Turning a static data source—YouTube’s REST API—into a reactive system that:
- Uses Python to fetch and process data from a static web API
- Streams that data live, from Python into a Kafka topic
- Processes the incoming source data with ksqlDB, watching for important changes
- Then streams out live, custom notifications via Telegram
A data processing pipeline project whereby we have a python script searching the web for information, in our case we're interested in the YouTube API. Once its got the snapshot of this data, it fixes it into a Kafka stream. In which we're using Stream processing to look for changes and when the changes are interesting enough, we ship it via a Kafka connector to Telegram.
Clone or download the project, then get API keys from Kafka Confluent
- Ensure you add the right API keys, urls, usernames and passwords to your config.py file before running.
- For this project, you'll need a YouTube playlist ID of your own choice, and a google API key.
- Find the ksql_db queries you'll use for this pipeline inside the ksql_db.sql file.
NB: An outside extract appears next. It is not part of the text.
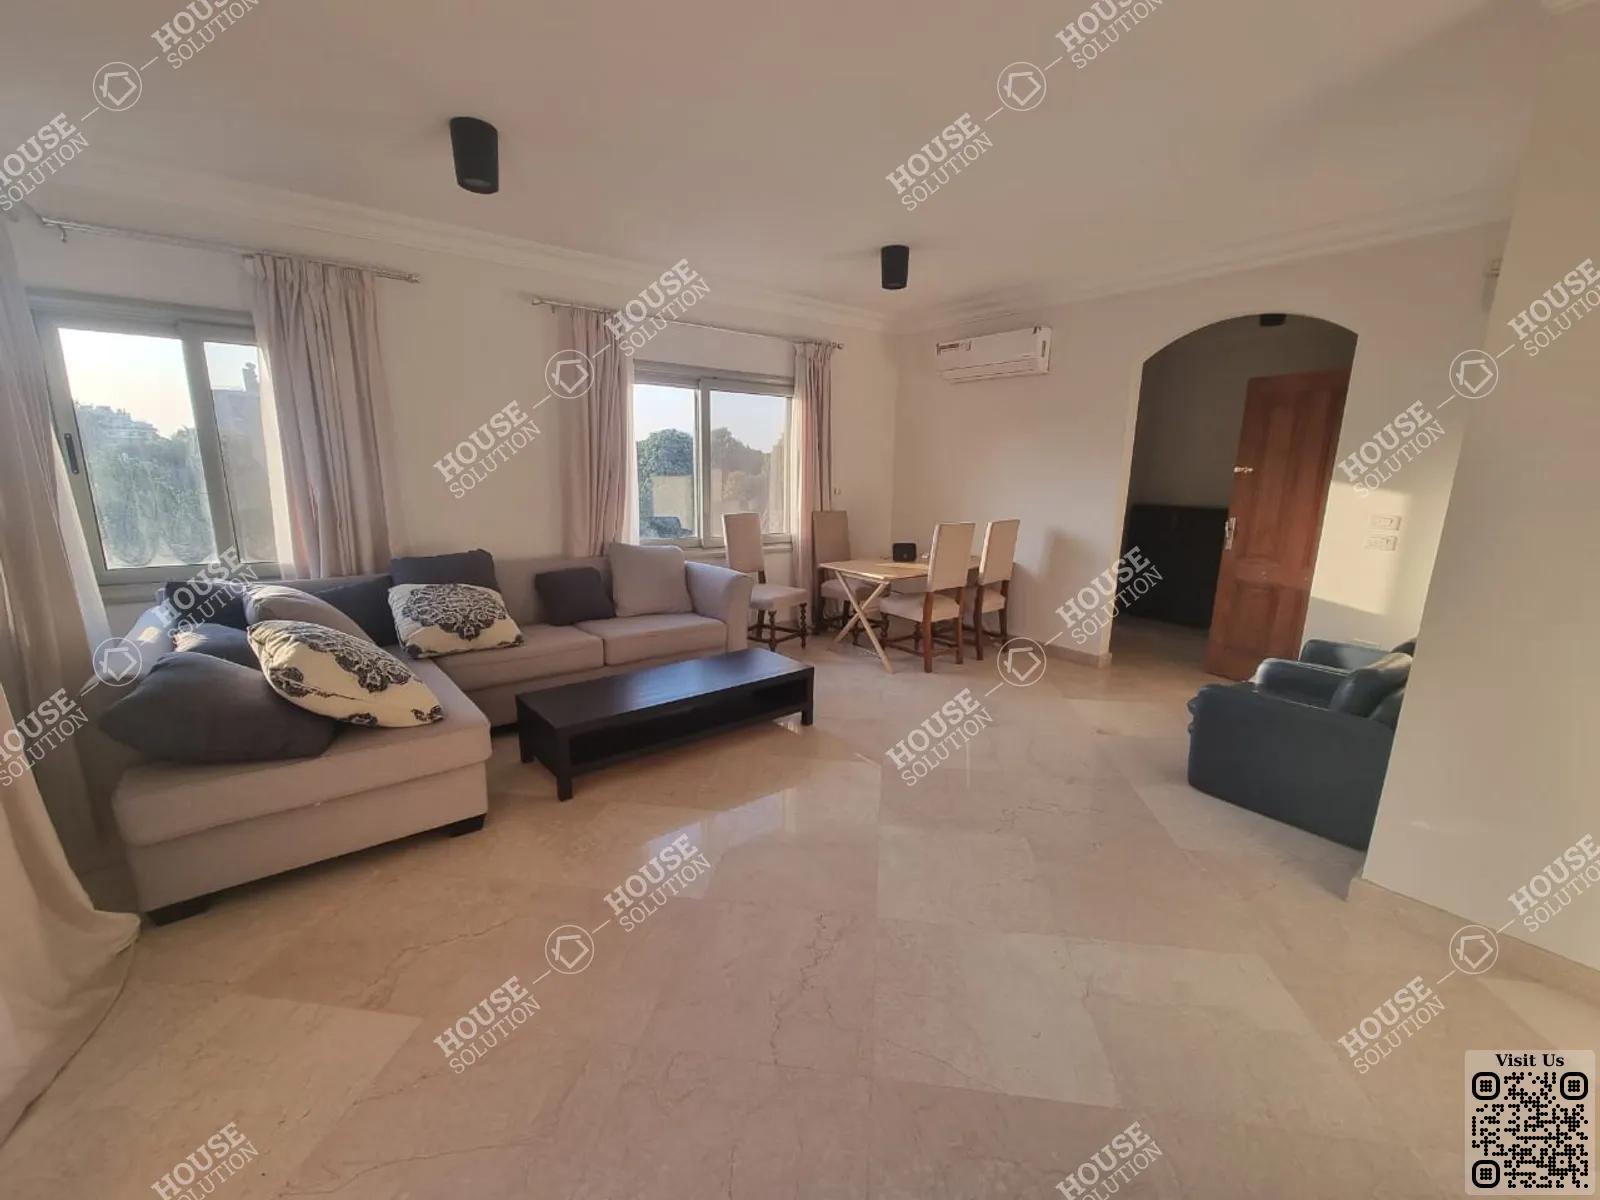 RECEPTION  @ Apartments For Rent In Maadi Maadi Degla Area: 185 m² consists of 2 Bedrooms 3 Bathrooms Modern furnished 5 stars #5627-2

- Go to your target YouTube playlist on the browser.
- On the address bar, you will see something like this: https://www.youtube.com/watch?v=RLykC1VN7NY&list=PLFs4vir_WsTwEd-nJgVJCZPNL3HALHHpF
- The playlist ID is the characters after “list=” so in the URL above, our playlist ID is PLFs4vir_WsTwEd-nJgVJCZPNL3HALHHpF
- Copy the playlist ID, and paste it in the
youtube_playlist_id
field in your config.py file.
virtualenv venv
In your command prompt:-
- source venv/bin/activate - Linux
- venv/Scripts/activate - Windows
pip install -r requirements.txt
python app.py
deactivate
NOTE:
- Ensure you don't leak your API keys, urls and passwords to the web.